Cholesterol plays a key role in maintaining cell membrane integrity and in regulating cell proliferation of normal, nonmalignant cells.⁴ It is therefore not surprising that cholesterol homeostasis also participates in the regulation of survival and expansion of leukemic and lymphoma cells, as well as in the protection of these tumor cells from therapy.⁵ As a consequence, the blockade of cholesterol synthesis induces cell-cycle arrest in different types of leukemia and lymphoma, ultimately leading to apoptotic cell death.⁶ The identification of the SOX9-DHCR24 axis adds a further layer of complexity to the regulation of cellular cholesterol levels. Indeed, cholesterol homeostasis is mainly regulated by the Sterol Regulatory Element Binding Proteins (SREBPs),⁷ particularly SREBP2, and by Liver X Receptors (LXRα and β isoforms).⁸ SREBP2 activates the transcription of enzymes of the mevalonate pathway, such as HMGCR, and regulates the uptake of cholesterol through the induction of low-density lipoprotein receptor expression.⁴ On the other hand, LXRs control the reverse cholesterol transport pathway, through which the excess cholesterol is returned to the liver for excretion as bile acids.⁴ In this scenario, the newly identified SOX9-DHCR24 axis highlights a new pathway of cholesterol regulation, which might be particularly relevant for the survival and proliferation of aggressive lymphomas under oncogenic pressure. Of note, the noncanonical regulation of cholesterol synthesis genes by transcription factors in hematopoietic malignancies was reported to occur in multiple myeloma by means of the Interferon Regulatory Factor 4 (IRF4).⁹ Indeed, IRF4 was found to regulate membrane biogenesis by controlling many enzymes and regulators of sterol and lipid synthesis, such as the squalene epoxidase and the stearoyl-CoA desaturase.⁹ The results by Shen et al provide compelling evidence of the molecular mechanisms by which SOX9 activates DHCR24 expression and, therefore, cellular cholesterol remodeling. However, the mechanism through which SOX9 is preferentially overexpressed in the IGH-BCL2⁺ DLBCL remains poorly understood and deserves further investigation.
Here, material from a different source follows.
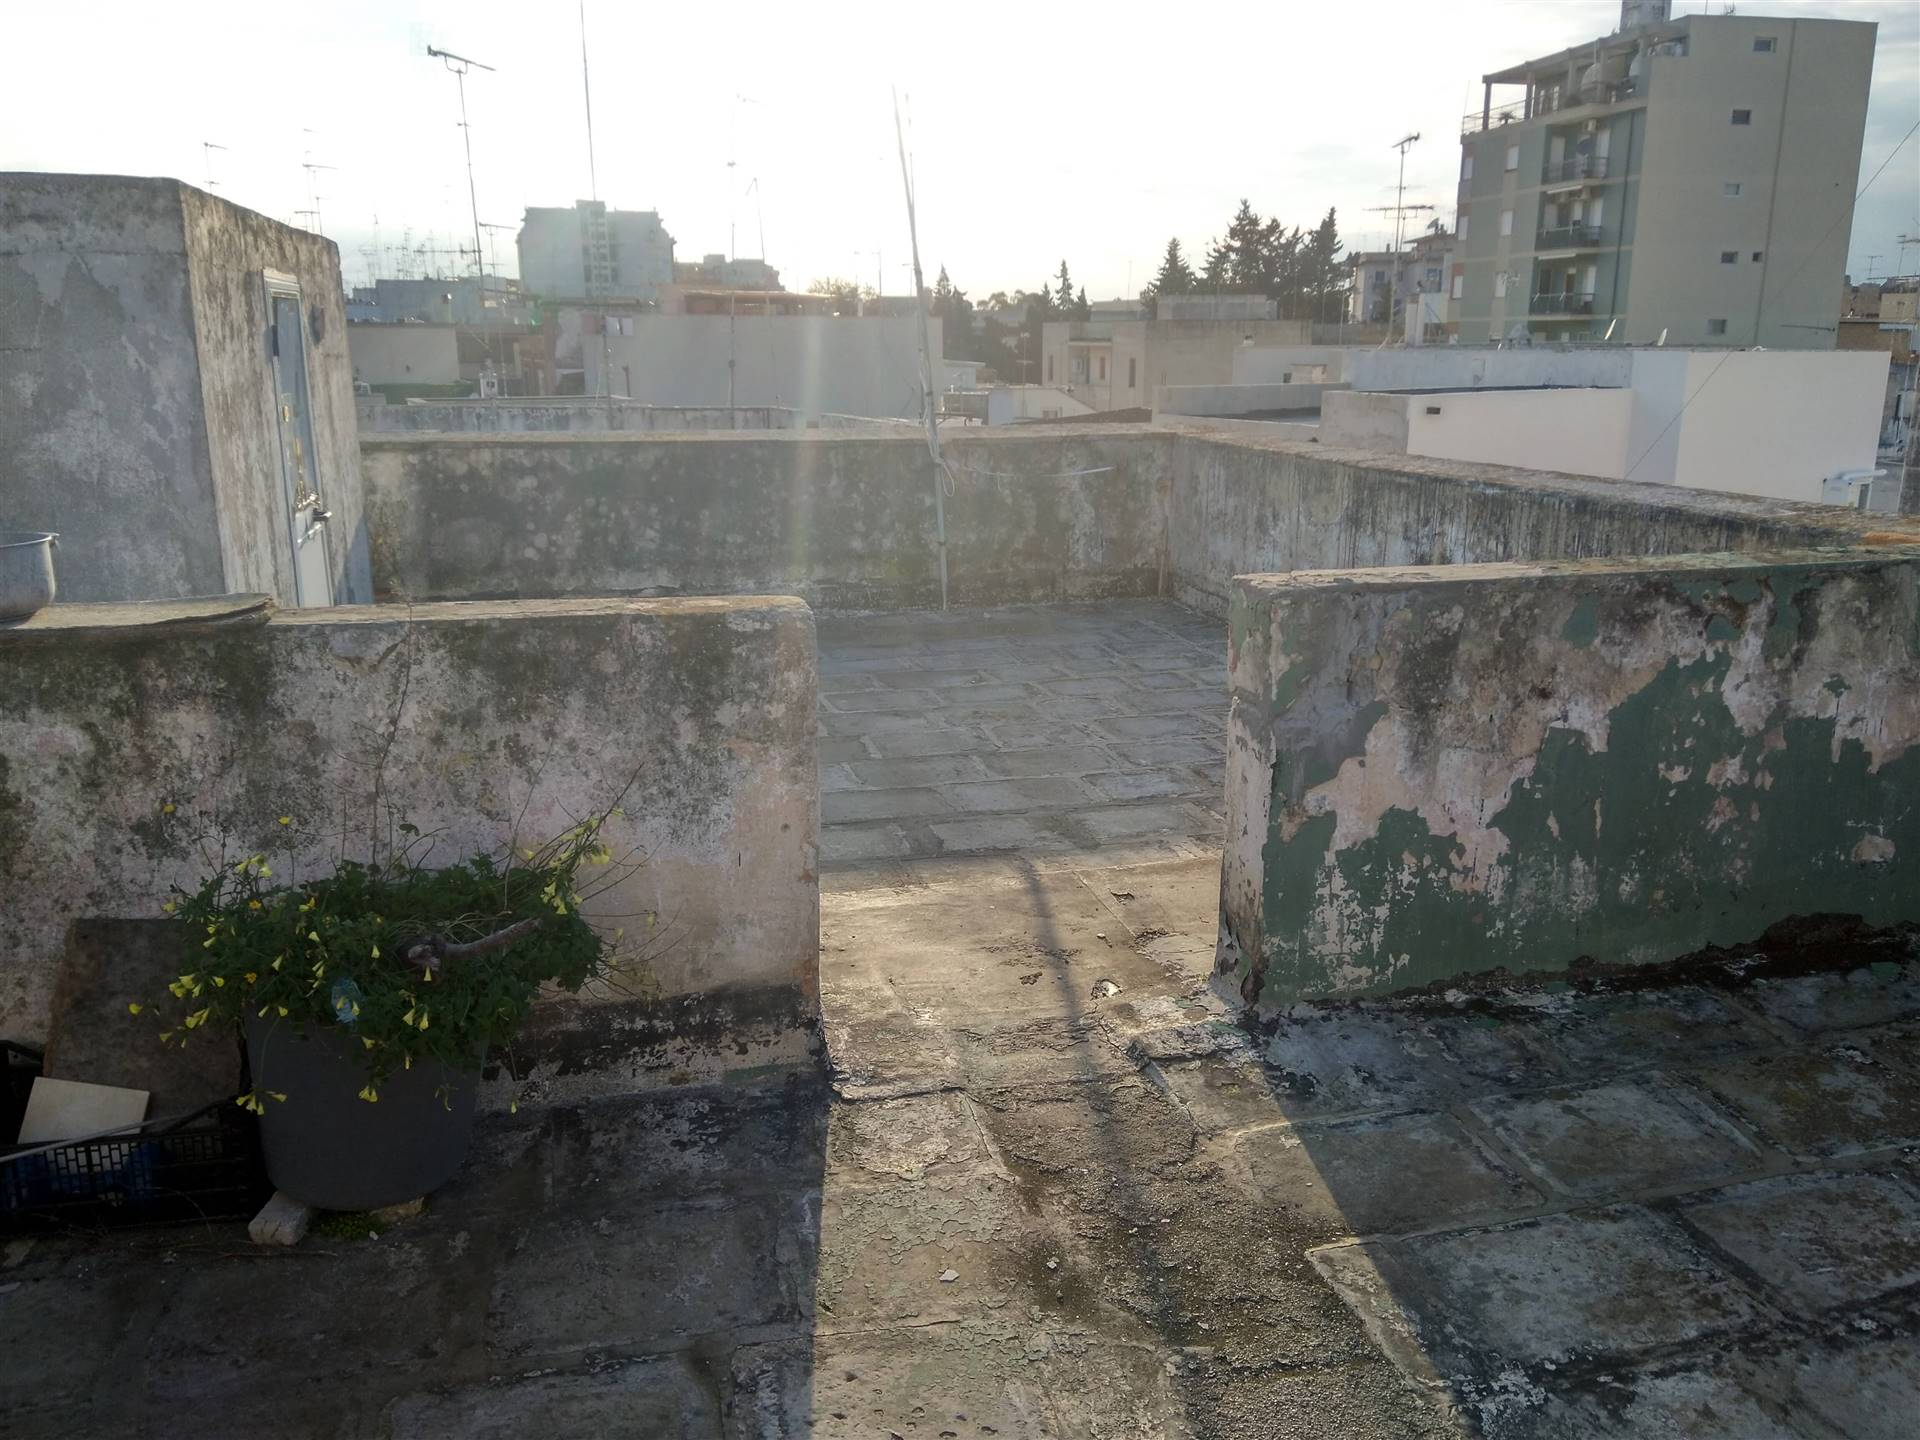 Appartamento in vendita a Brindisi, 3 locali, zona Località: CENTRO CITTÀ, prezzo € 72.000   PortaleAgenzieImmobiliari.it

The results by Shen et al have important therapeutic implications, as they also report the successful treatment of DBLCL-bearing mice with the widely used blood cholesterol-lowering drugs, statins. These drugs, which block the rate-limiting enzyme of cholesterol synthesis (ie, the 3-hydroxy-3methylglutaryl-CoA reductase),⁷ inhibit DLBCL xenograft tumorigenesis, especially the DLBCL cell lines with higher SOX9 expression (see figure). These results are in accordance with studies demonstrating that the treatment of myeloid leukemia samples with statins enhances chemotherapy-induced leukemic cell apoptosis, by counteracting the cytoprotective increase of the cellular cholesterol levels induced by chemotherapy.⁶ The synergy between chemotherapy and statins has indeed been explored with encouraging but not definitive results in patients with relapsed acute myeloid leukemia.¹⁰ In this context, the study by Shen et al suggests exploring the combination of statins and standard treatments in advanced stage patients affected by SOX9 overexpressing DLBCL.